EXERCISE DIRECTIONS:
All that is wanted is the exact text of the lines below from the one with "Nuggie Limited Edition" through the one with "2D-Link DIR-629 User", inclusive, minus any pictures.

*** DATA SUPPLIED ***

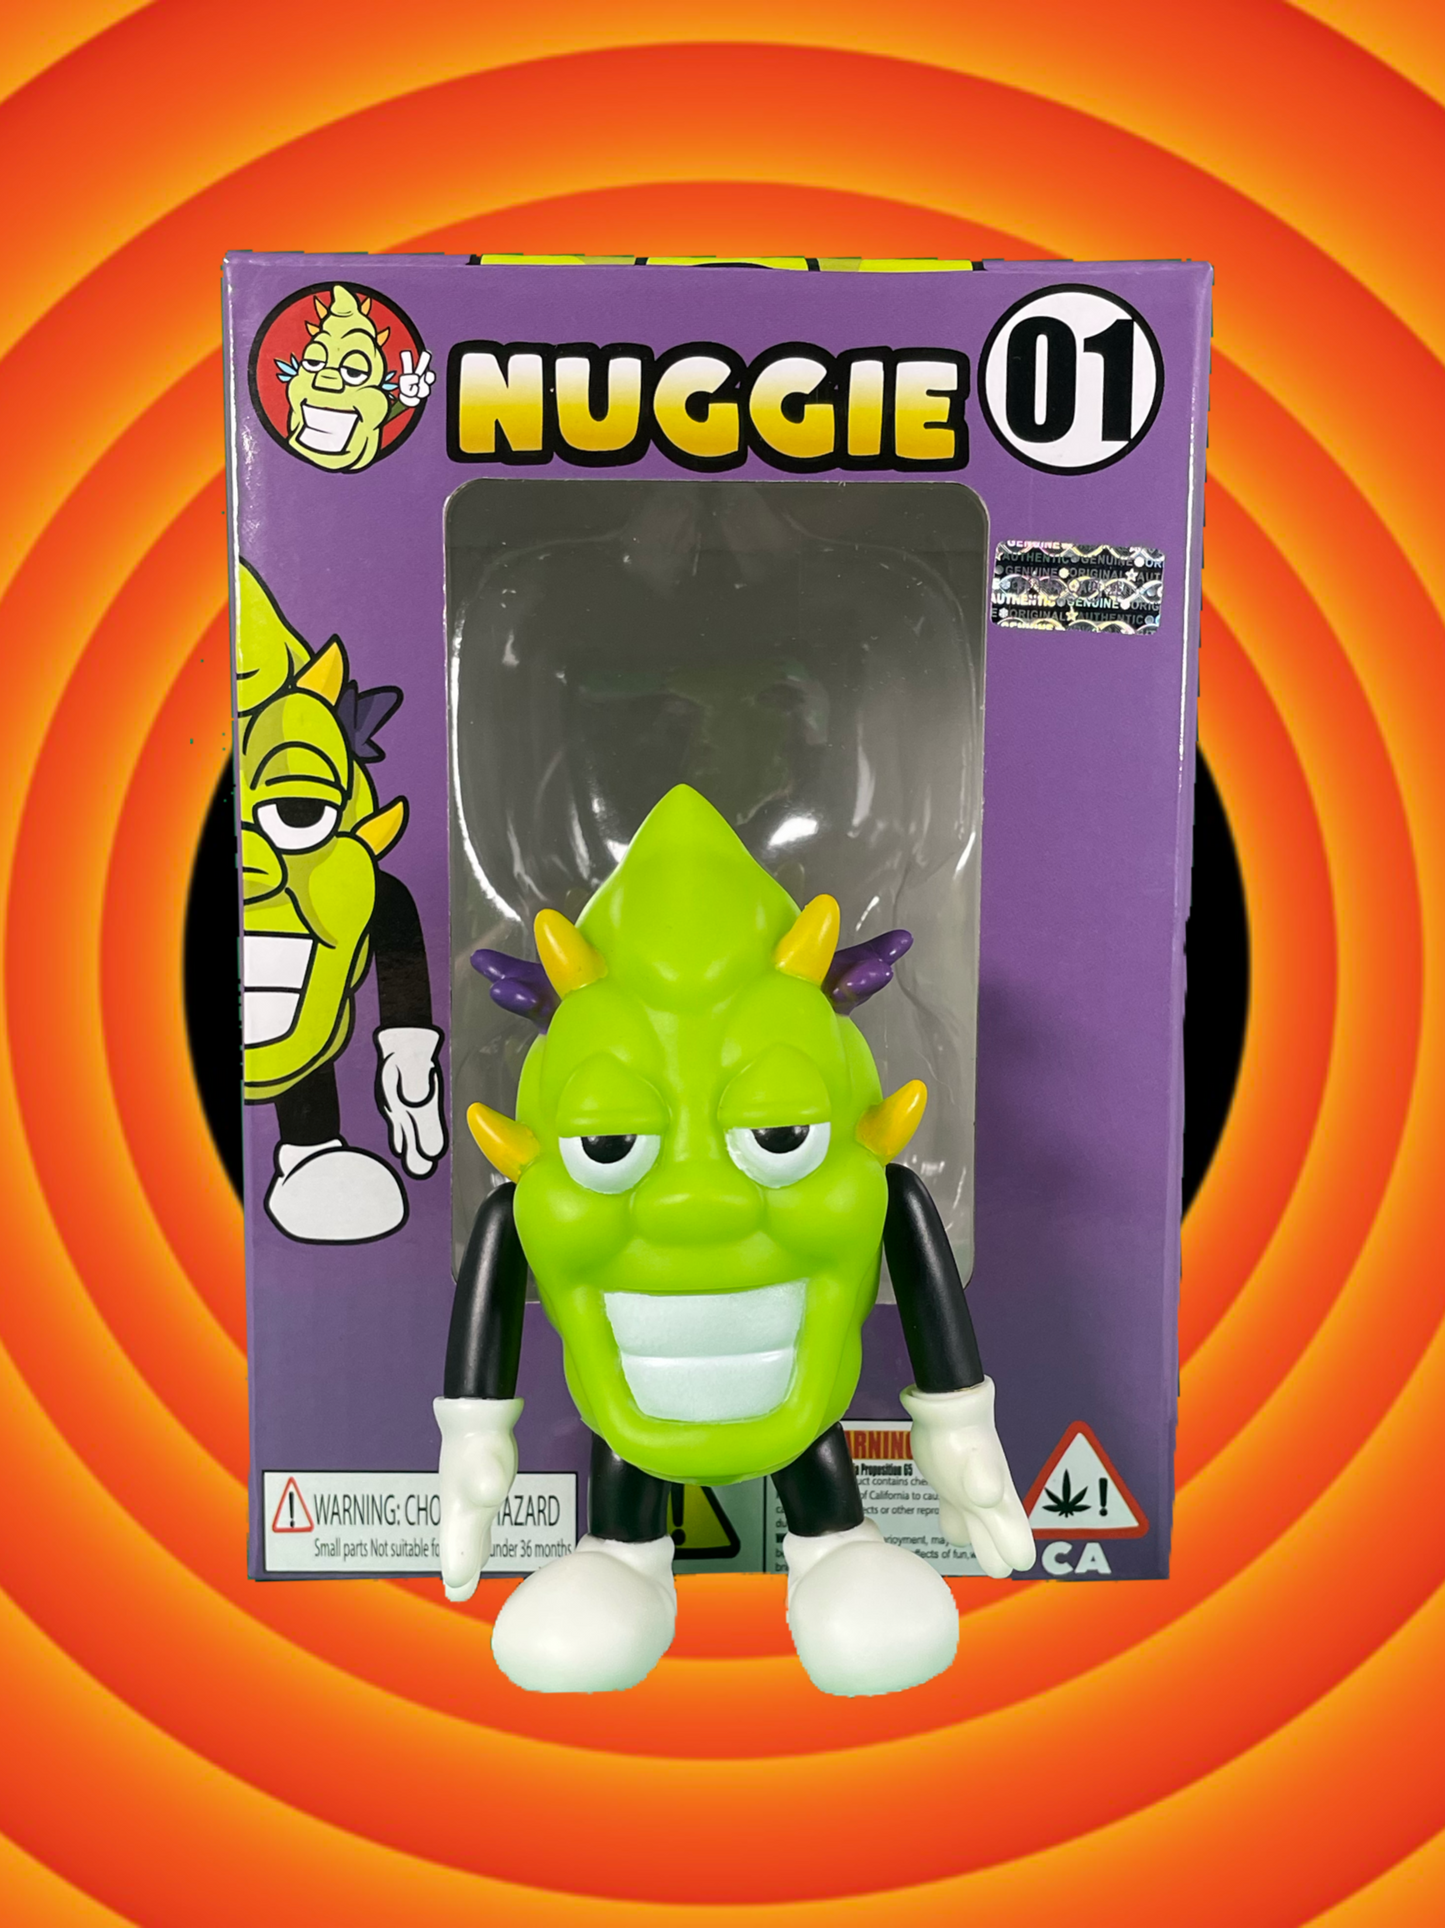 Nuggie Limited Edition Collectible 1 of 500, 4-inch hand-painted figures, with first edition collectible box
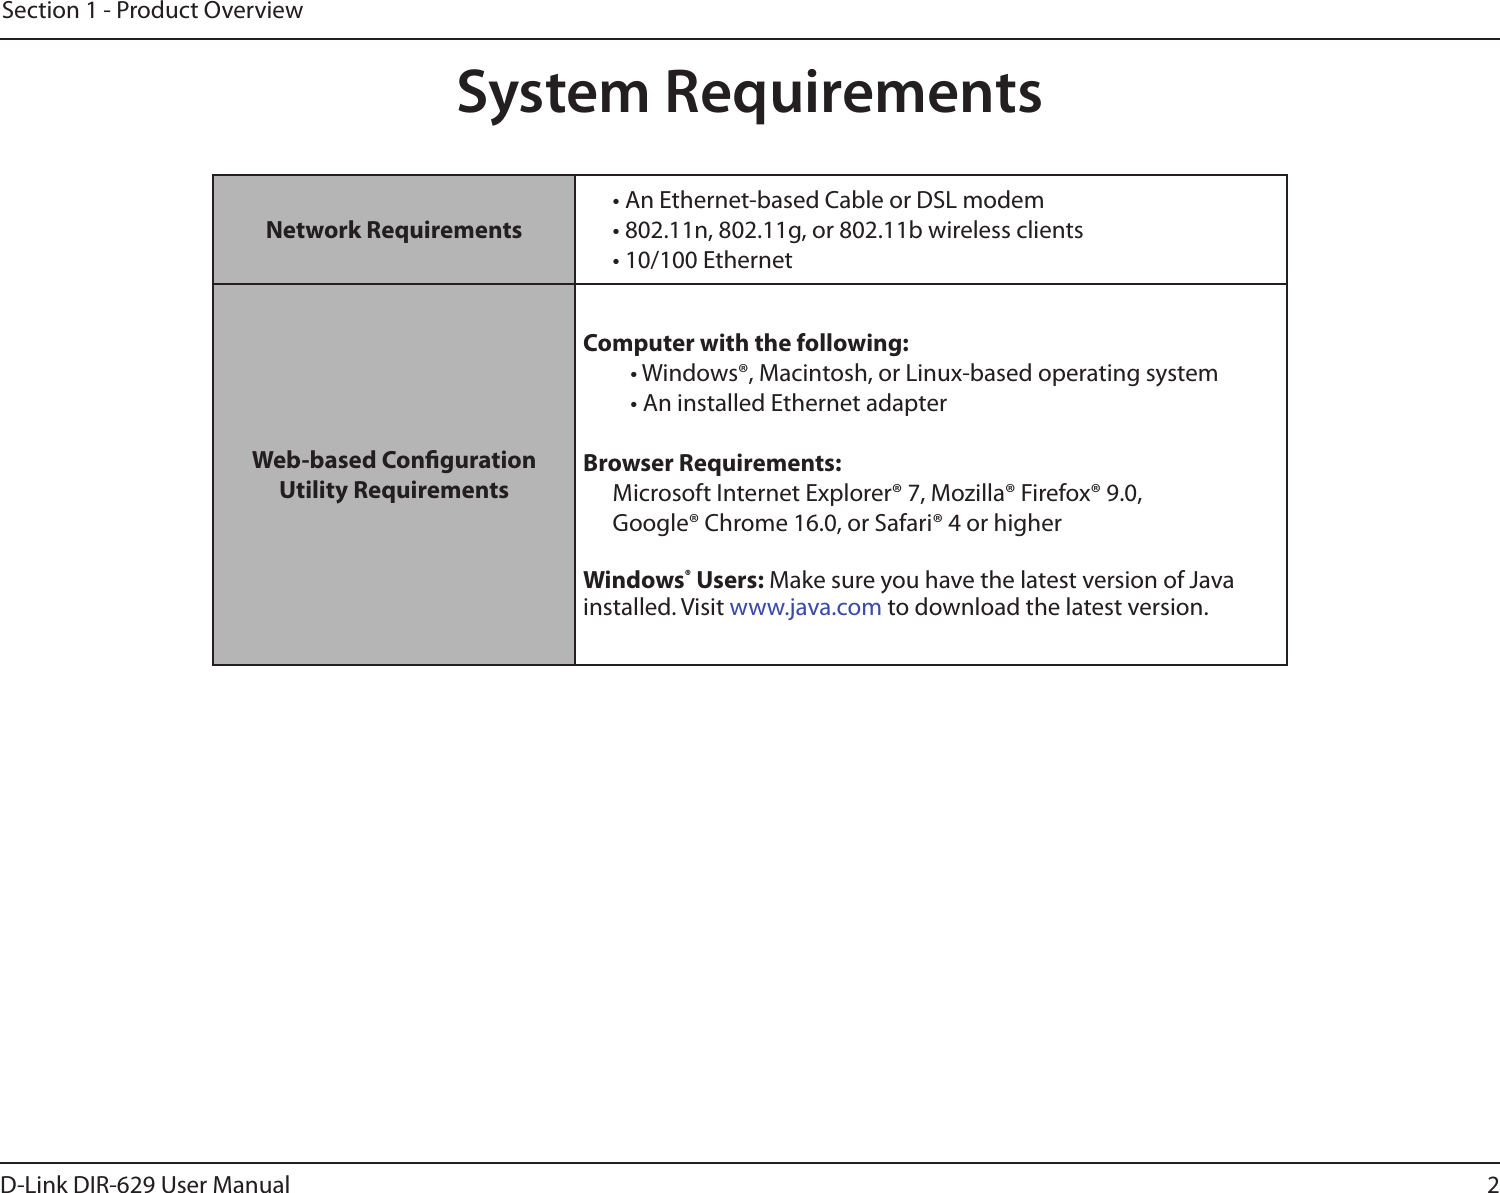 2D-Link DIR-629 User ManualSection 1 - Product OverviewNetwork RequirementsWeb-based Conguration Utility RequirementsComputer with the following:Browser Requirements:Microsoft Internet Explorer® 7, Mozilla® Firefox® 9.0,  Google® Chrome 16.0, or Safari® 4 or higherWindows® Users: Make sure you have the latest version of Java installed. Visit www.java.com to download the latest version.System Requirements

*** End of DATA SUPPLIED ***
*** DATA SUPPLIED ***

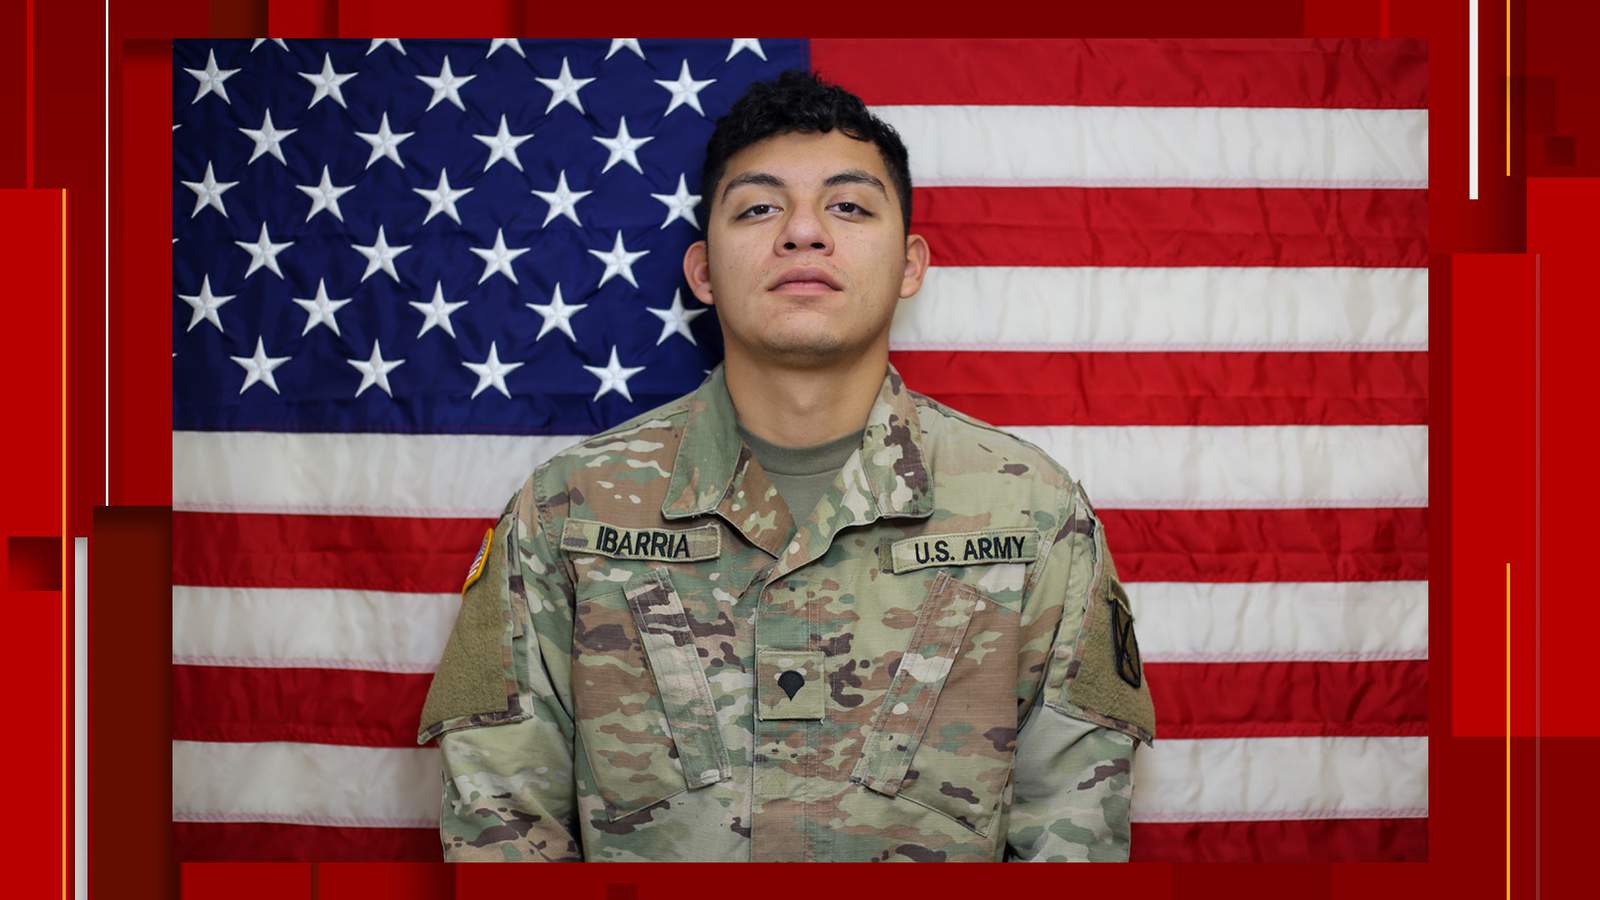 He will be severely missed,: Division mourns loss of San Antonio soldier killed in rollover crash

*** End of DATA SUPPLIED ***

RESPONSE TO THE TASK:
 Nuggie Limited Edition Collectible 1 of 500, 4-inch hand-painted figures, with first edition collectible box
 2D-Link DIR-629 User ManualSection 1 - Product OverviewNetwork RequirementsWeb-based Conguration Utility RequirementsComputer with the following:Browser Requirements:Microsoft Internet Explorer® 7, Mozilla® Firefox® 9.0,  Google® Chrome 16.0, or Safari® 4 or higherWindows® Users: Make sure you have the latest version of Java installed. Visit www.java.com to download the latest version.System Requirements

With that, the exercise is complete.